╭──

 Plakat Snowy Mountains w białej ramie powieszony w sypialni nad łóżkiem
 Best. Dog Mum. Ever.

╰──
╭──

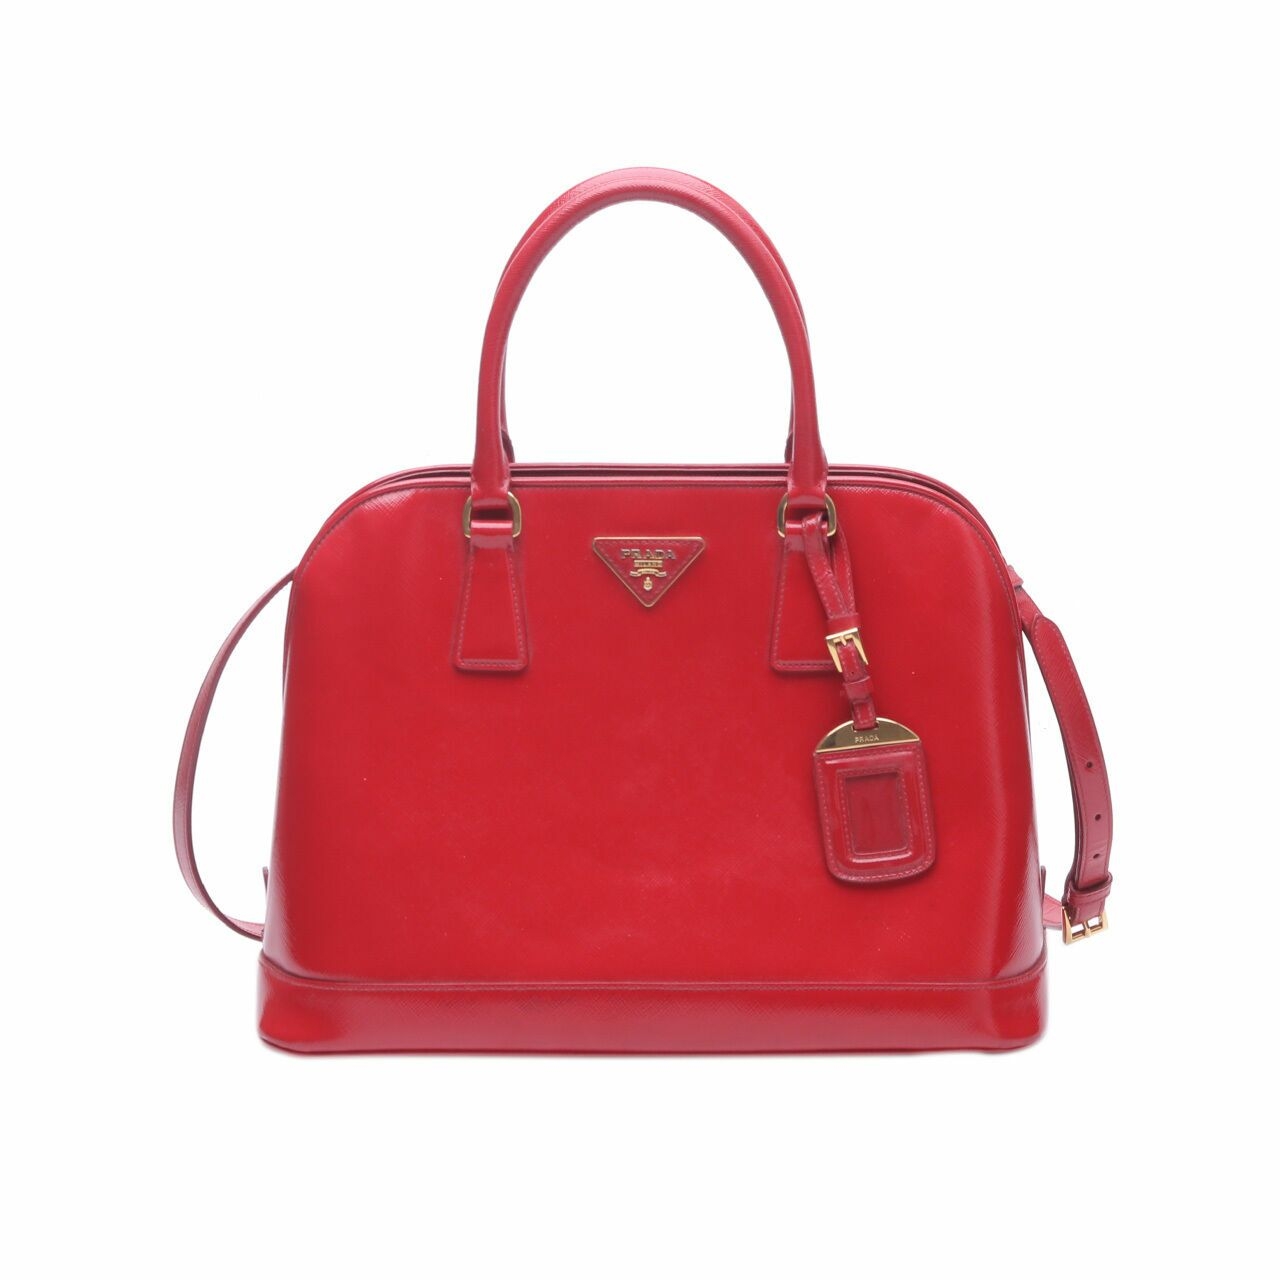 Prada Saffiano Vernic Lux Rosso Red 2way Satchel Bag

╰──
╭──

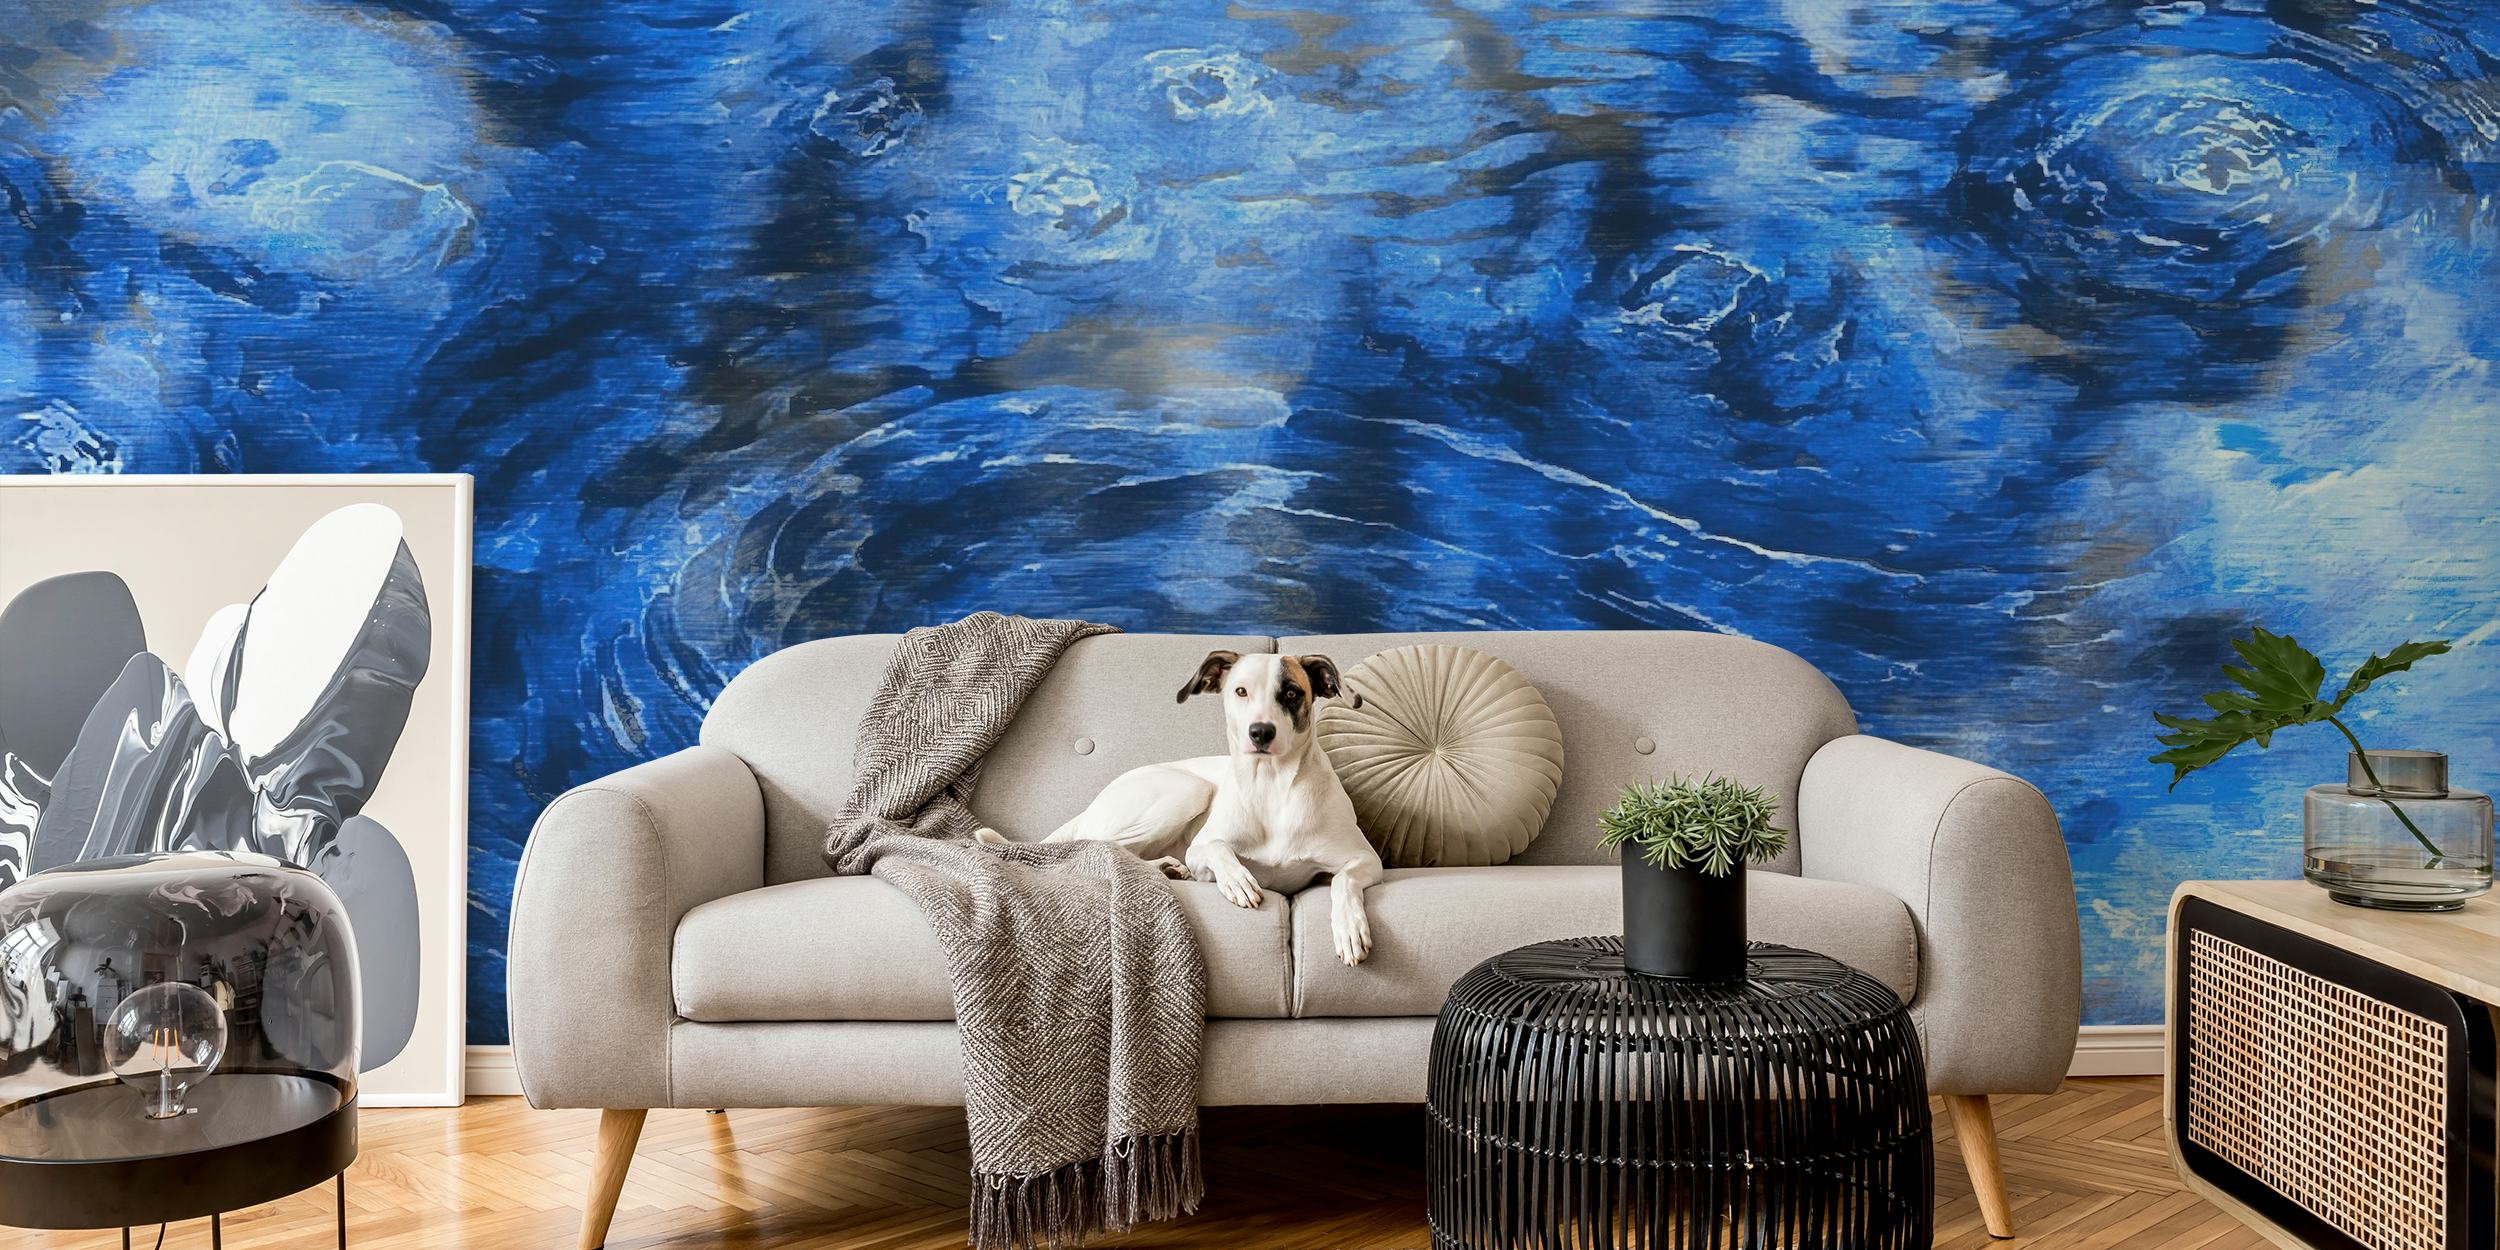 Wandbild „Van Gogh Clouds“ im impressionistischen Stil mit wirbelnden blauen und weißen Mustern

╰──

### [ACTIVITY]
Could you set down, word for word, only the lines above from the line with "Plakat Snowy Mountains" to the line with "Best. Dog Mum. Ever.", including both?

### [TASK ANSWER]
 Plakat Snowy Mountains w białej ramie powieszony w sypialni nad łóżkiem
 Best. Dog Mum. Ever.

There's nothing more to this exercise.